Specifically, these 500 errors seem to be coming ContextDeadlineExceeded errors from the distributor component in attempting to connect to the ingesters.

All the 500 errors seem to be the same:

ts=2024-03-01T17:02:06.833122331Z caller=logging.go:86 level=warn traceID=... msg="POST /api/v1/push (500) 2.013987101s Response: \"failed pushing to ingester: rpc error: code = DeadlineExceeded desc = context deadline exceeded\\n\" ws: false; Accept-Encoding: identity; Content-Encoding: snappy; Content-Length: 558457; ... X-Forwarded-Port: 443; X-Forwarded-Proto: https; X-Forwarded-Scheme: https; X-Prometheus-Remote-Write-Version: 0.1.0; ... X-Request-Id: 68522a3a2faa964e4130ae779d0fc049; X-Scheme: https; "

There doesn't seem to be a resource shortage; the ingester/distributors are not hitting their limits

Here are some things we've tried to no effect:

doubling the # of distributors/increasing the # of ingesters
increasing the # of IOPS on our S3 storage
increasing the mimir limit overrides (max_global_series_per_user/ max_global_series_per_metric/ingestion_burst_size/ingestion_rate)

Anyone have any tips on reducing the # of 5xx errors?

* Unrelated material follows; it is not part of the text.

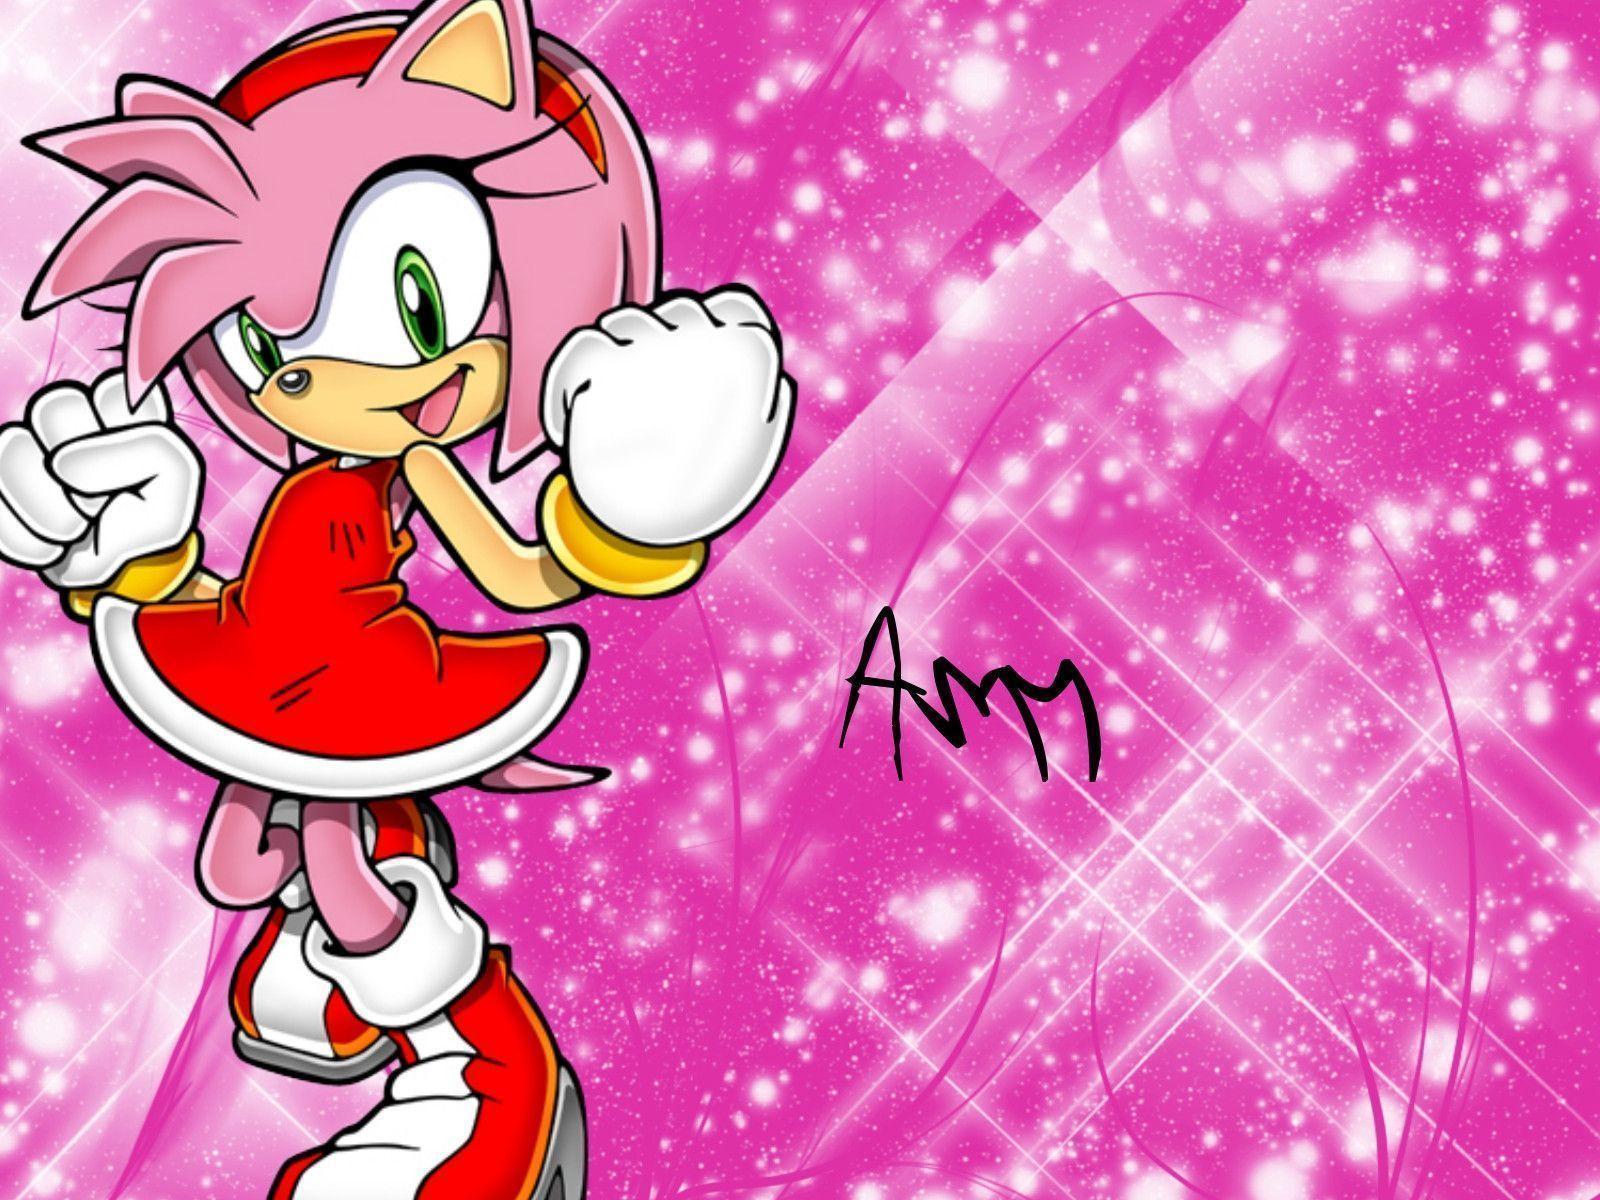 Sonic The Hedgehog Knuckles the Echidna Amy Rose HD Sonic Wallpapers  HD  Wallpapers  ID 48477

Our config we're using in the mimir-distributed helm chart:

runtimeConfig:
  overrides:
    anonymous:
      max_global_series_per_user: 25000000
      max_global_series_per_metric: 1500000
      ingestion_rate: 1000000
      ingestion_burst_size: 12000000
      max_label_names_per_series: 50
....
mimir:
  structuredConfig:
    multitenancy_enabled: false
    server:
      grpc_server_max_recv_msg_size: 104857600
      grpc_server_max_send_msg_size: 104857600
      grpc_server_max_concurrent_streams: 1000
    ingester:
      ring:
        replication_factor: 2

56quarters · 2024-03-01T19:18:27Z

56quarters
Mar 1, 2024
Maintainer

ingester:
ring:
replication_factor: 2

Unrelated to the overall issue, replication_factor: 2 doesn't provide any benefit. Writes need a majority of ingesters available to succeed. A replication factor of 2 means that losing a single ingester (or zone if you have configured zone-awareness) will cause writes to fail. Only odd numbers make sense for replication factor, this is why the default is 3.

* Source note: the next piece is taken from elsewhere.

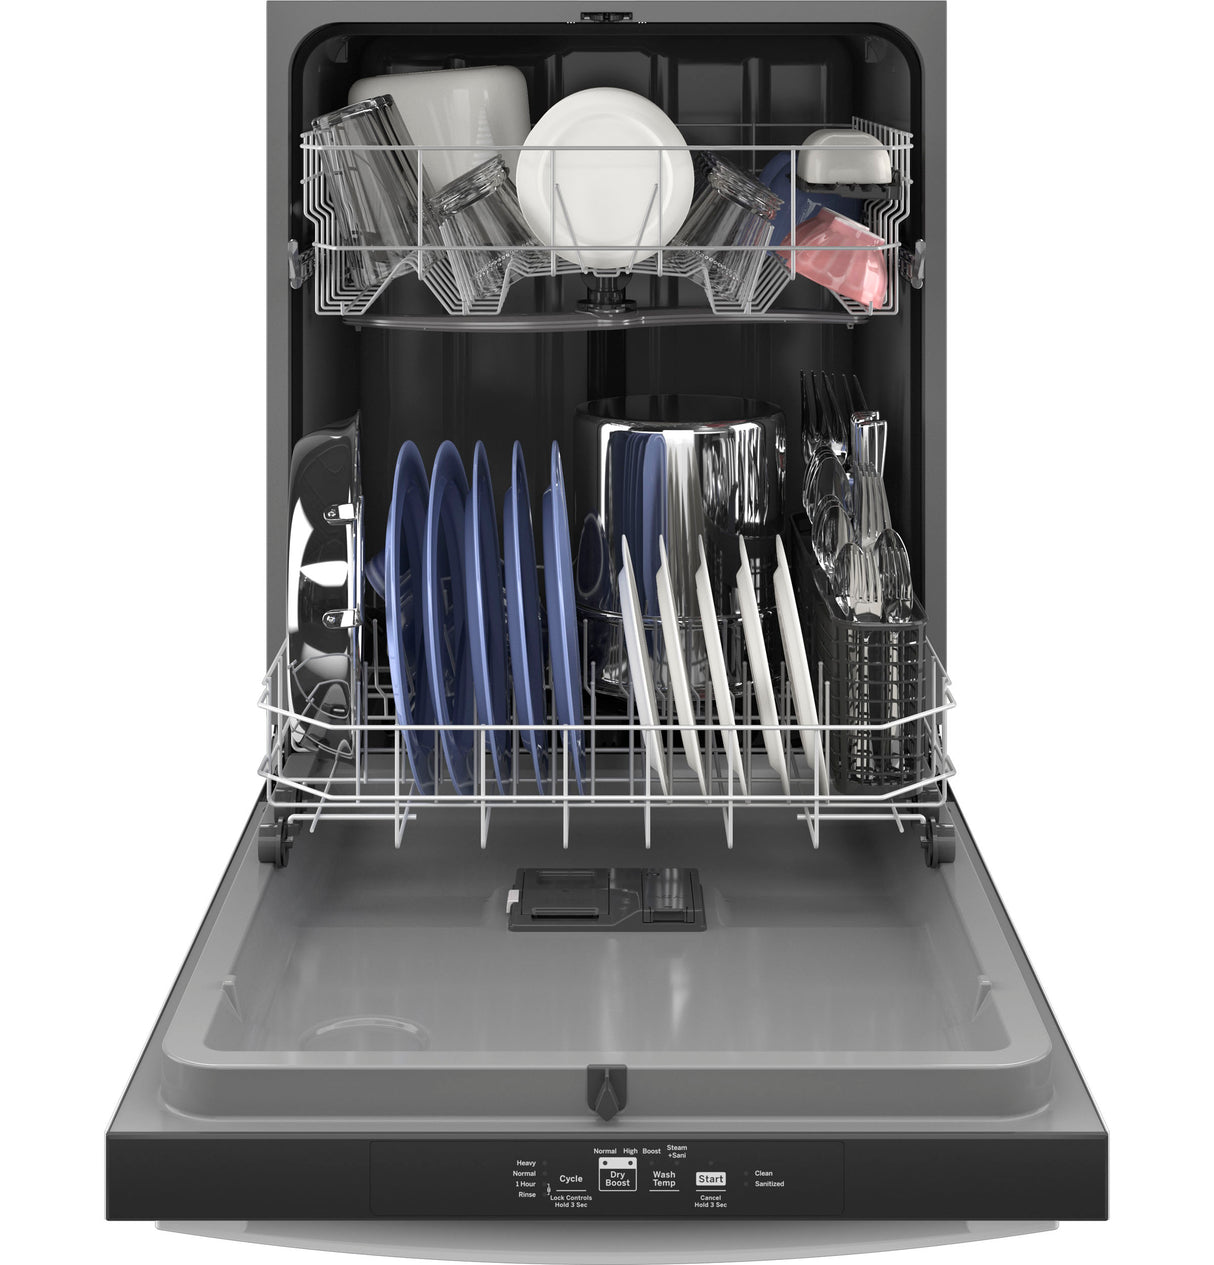 GE(R) ENERGY STAR(R) Top Control with Plastic Interior Dishwasher with Sanitize Cycle & Dry Boost - (GDT535PGRWW)

Looking at the screenshots you've posted, it seems like there was an ingester continuously restarting (I'm guessing based on the number of in-memory series going from 0 -> 1.5M multiple times) during periods of time where the distributors were seeing timeouts. What does looking at the logs for that pod show?

2 replies

GreyLilac09 Mar 1, 2024
Author

I'm not seeing any pod restarts.

I'm seeing that that ingester-2 in particular seems to be getting a bunch of WriteTo failed errors, see this graph in Loki (I am filtering to only showing messages with the WriteTo error)

ts=2024-03-01T20:11:23.523816471Z caller=tcp_transport.go:428 level=warn component="memberlist TCPTransport" msg="WriteTo failed" addr=<addr> err="dial tcp <addr>: i/o timeout"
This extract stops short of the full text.